SUPPLIED INFORMATION Block Start
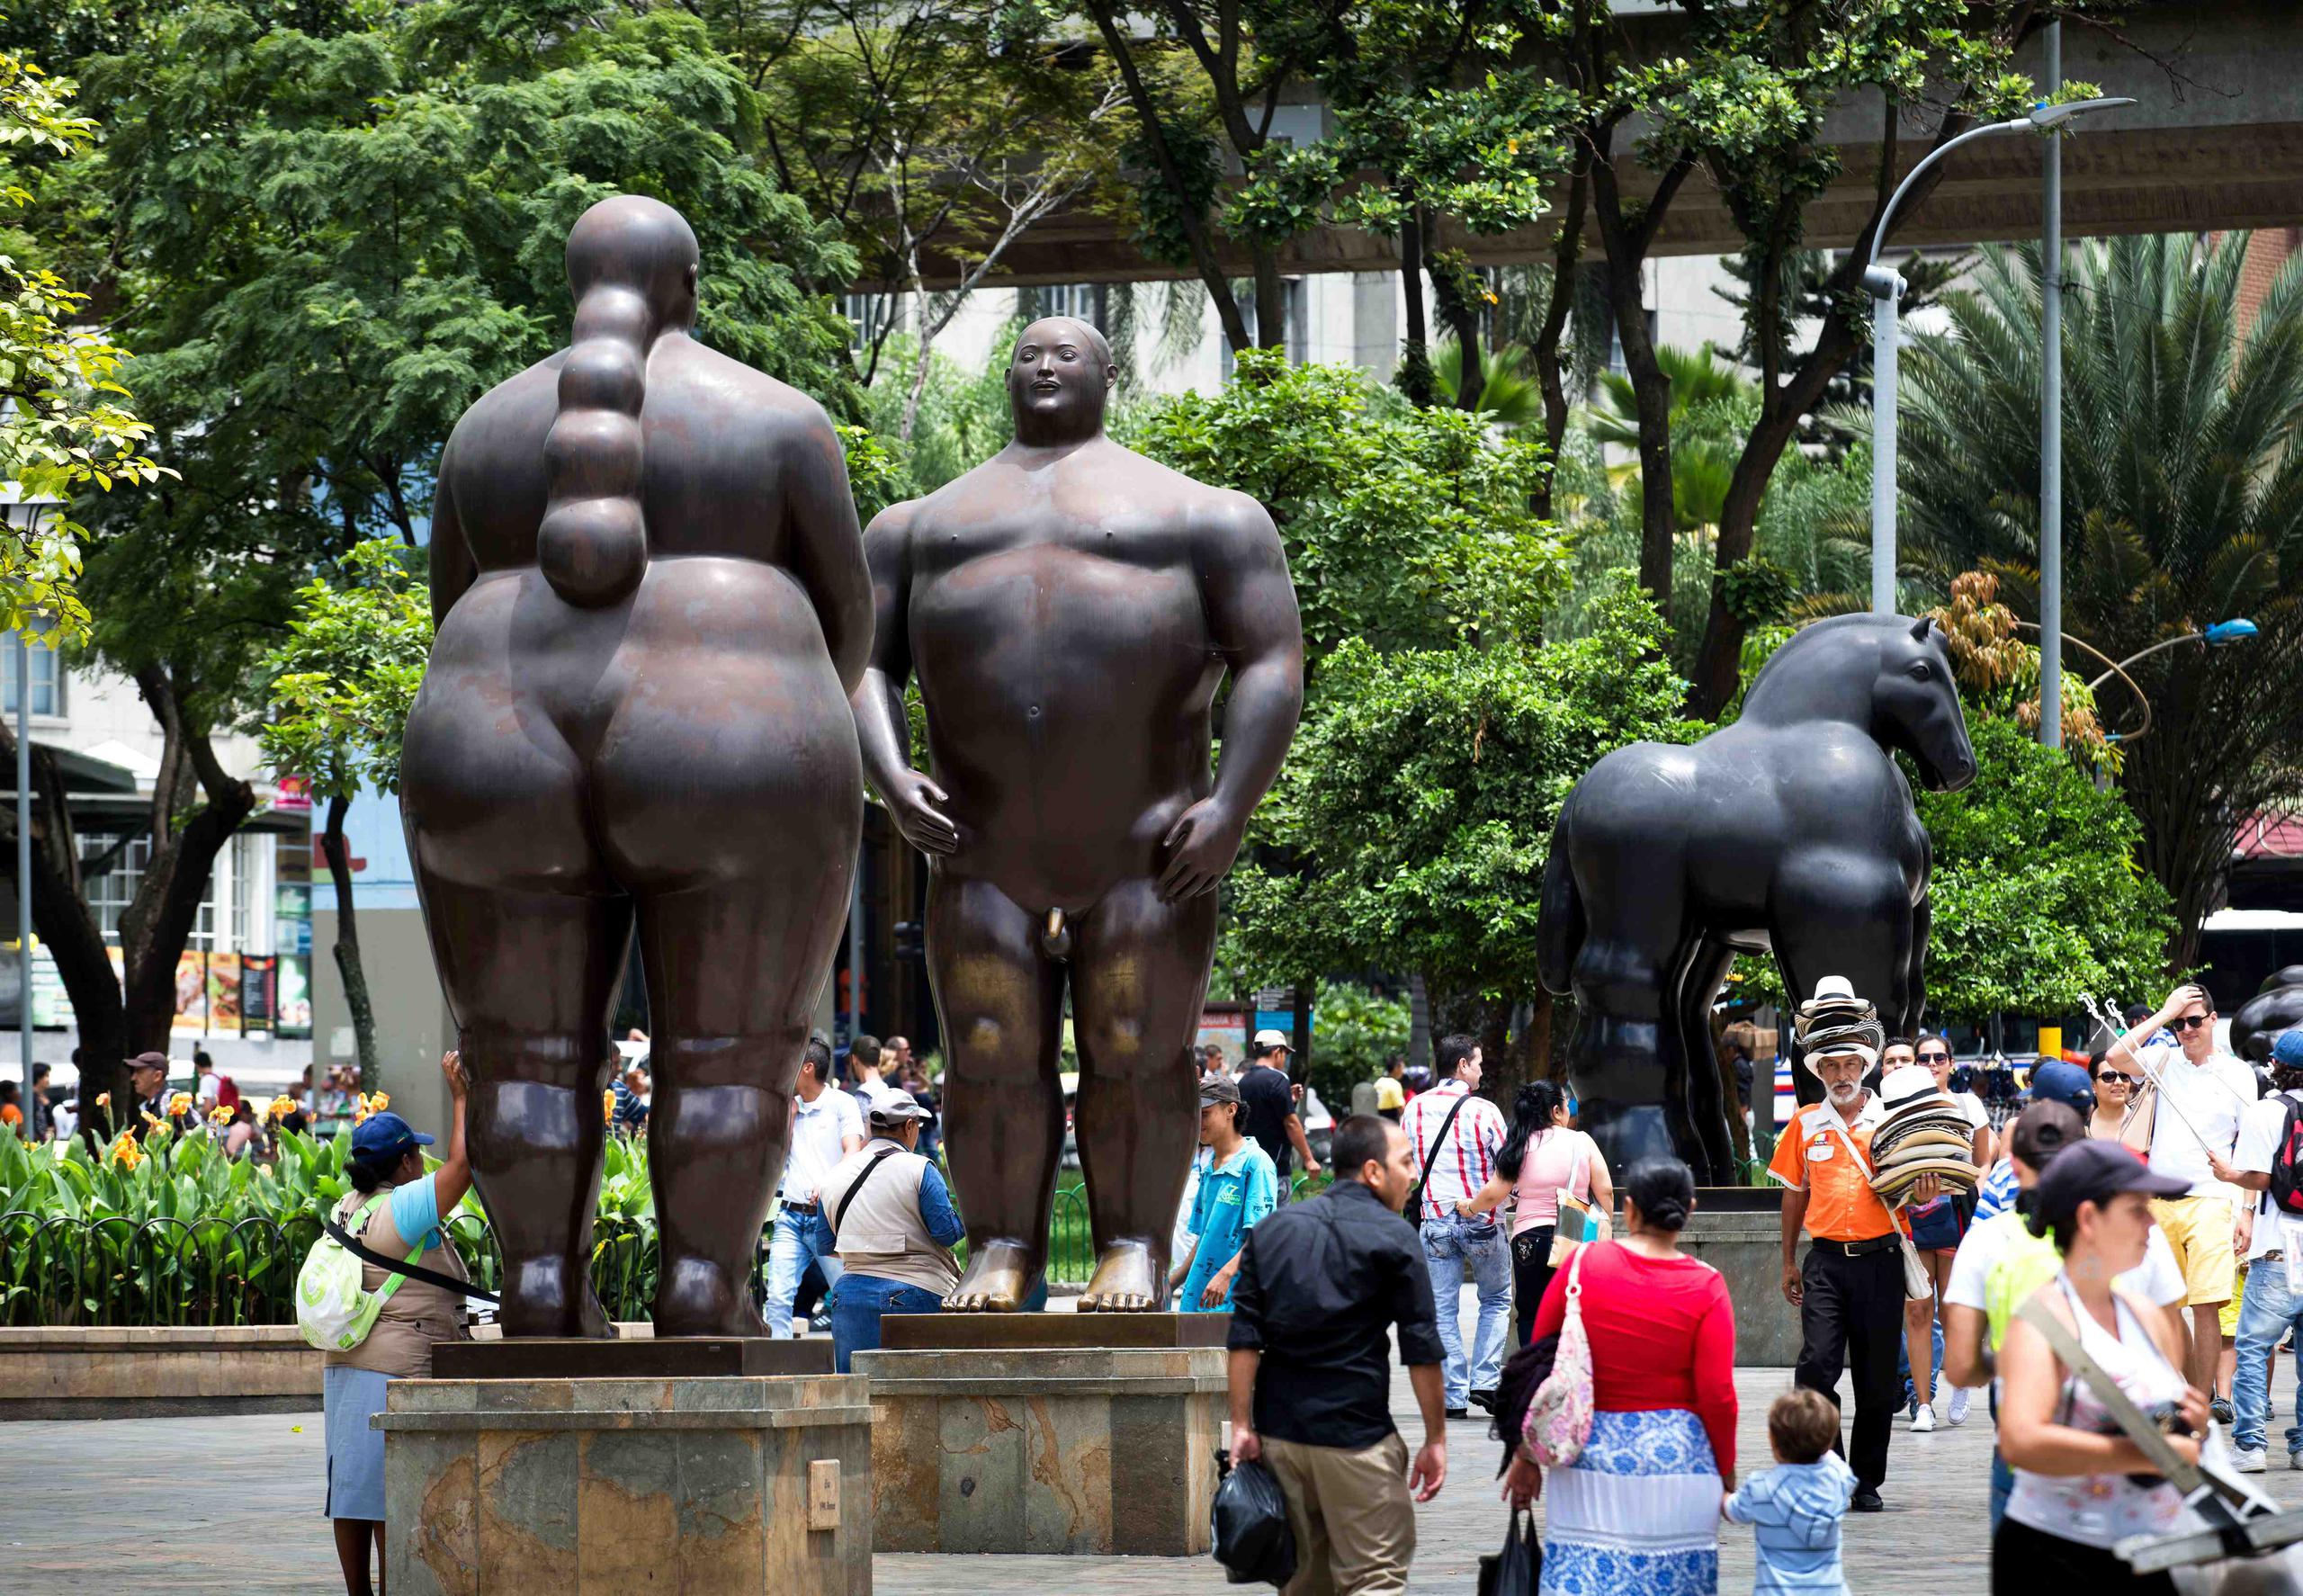 Llamativas esculturas te dan la bienvenida en la Plaza Botero, una joya de Medellín que se ha convertido en un museo al aire libre. (Foto: sunsinger / Shutterstock.com)
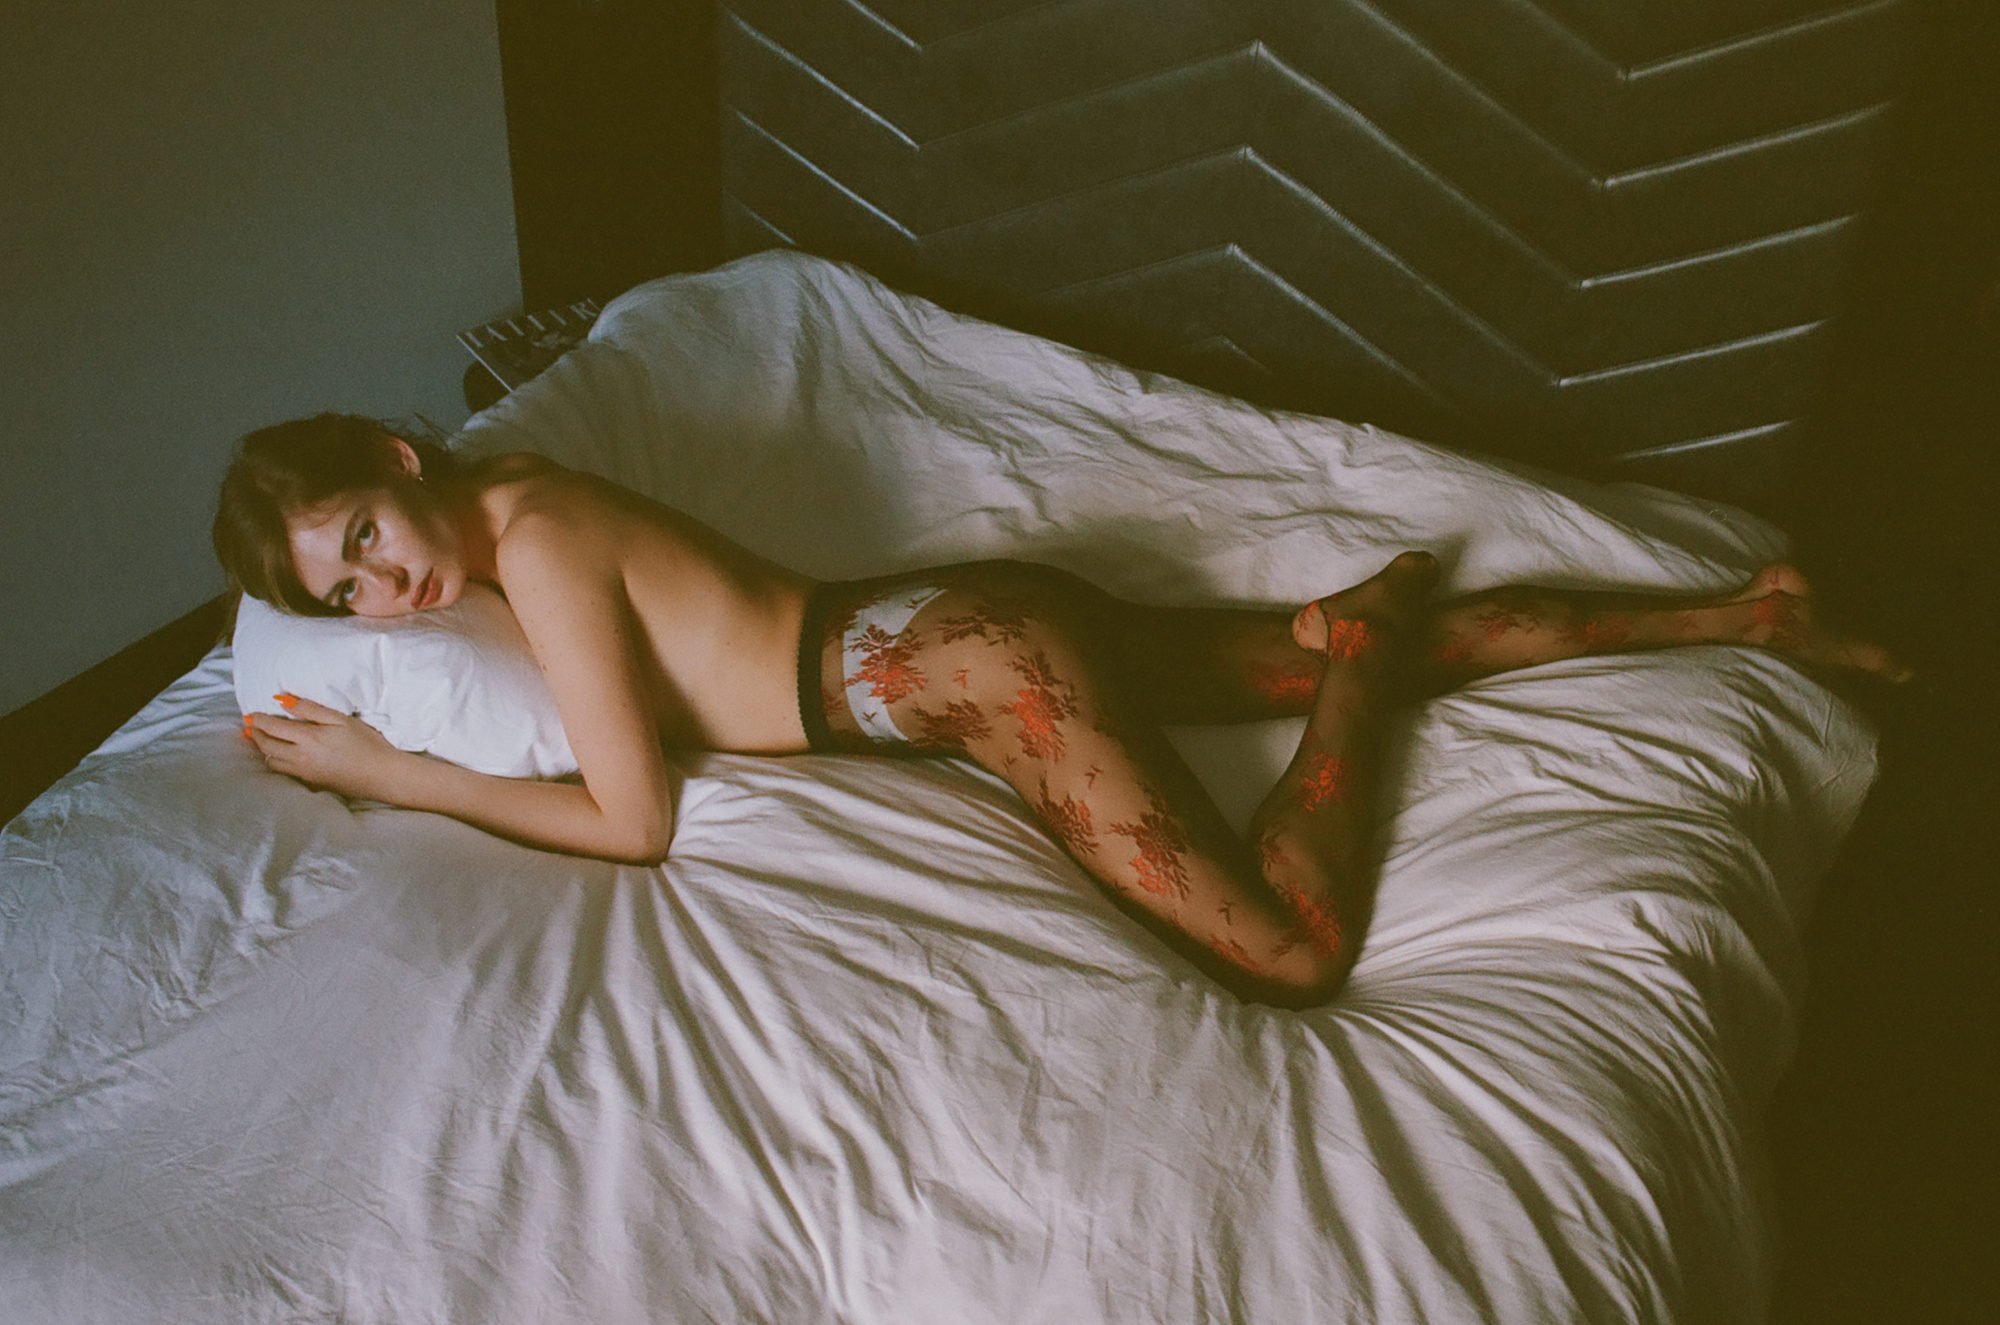 Кристина бардаш голая (28 фото) - Порно фото голых девушек
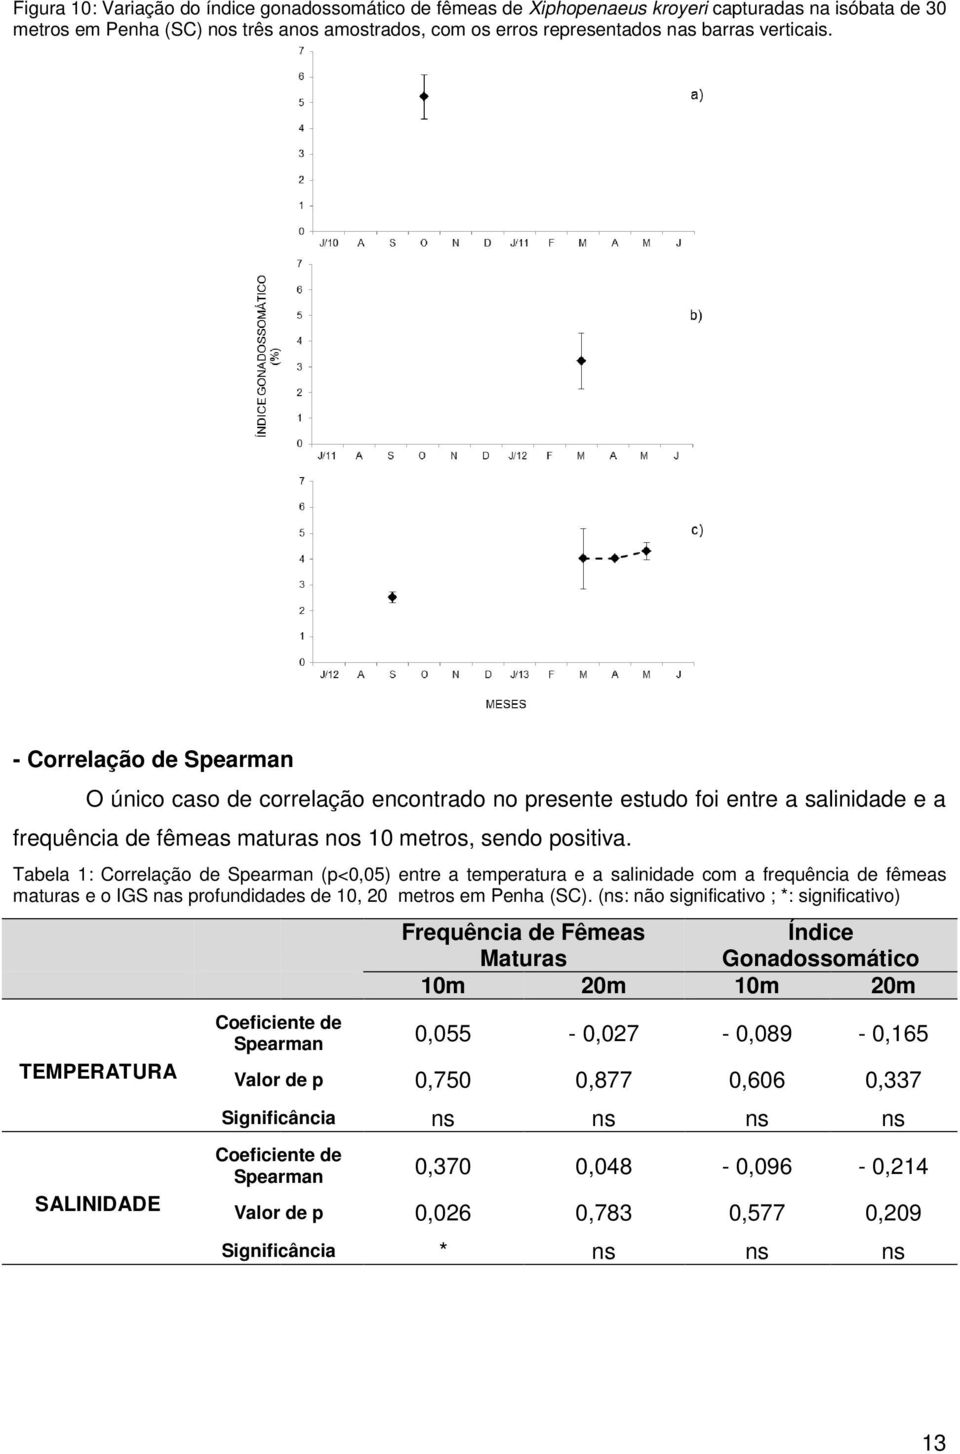 Tabela 1: Correlação de Spearman (p<0,05) entre a temperatura e a salinidade com a frequência de fêmeas maturas e o IGS nas profundidades de 10, 20 metros em Penha (SC).
SUPPLIED INFORMATION Block End
* WORK TASK *
Write the data above out again exactly, minus its pictures.

* RESULT OF THIS TASK *
 Llamativas esculturas te dan la bienvenida en la Plaza Botero, una joya de Medellín que se ha convertido en un museo al aire libre. (Foto: sunsinger / Shutterstock.com)
 Кристина бардаш голая (28 фото) - Порно фото голых девушек
 Tabela 1: Correlação de Spearman (p<0,05) entre a temperatura e a salinidade com a frequência de fêmeas maturas e o IGS nas profundidades de 10, 20 metros em Penha (SC).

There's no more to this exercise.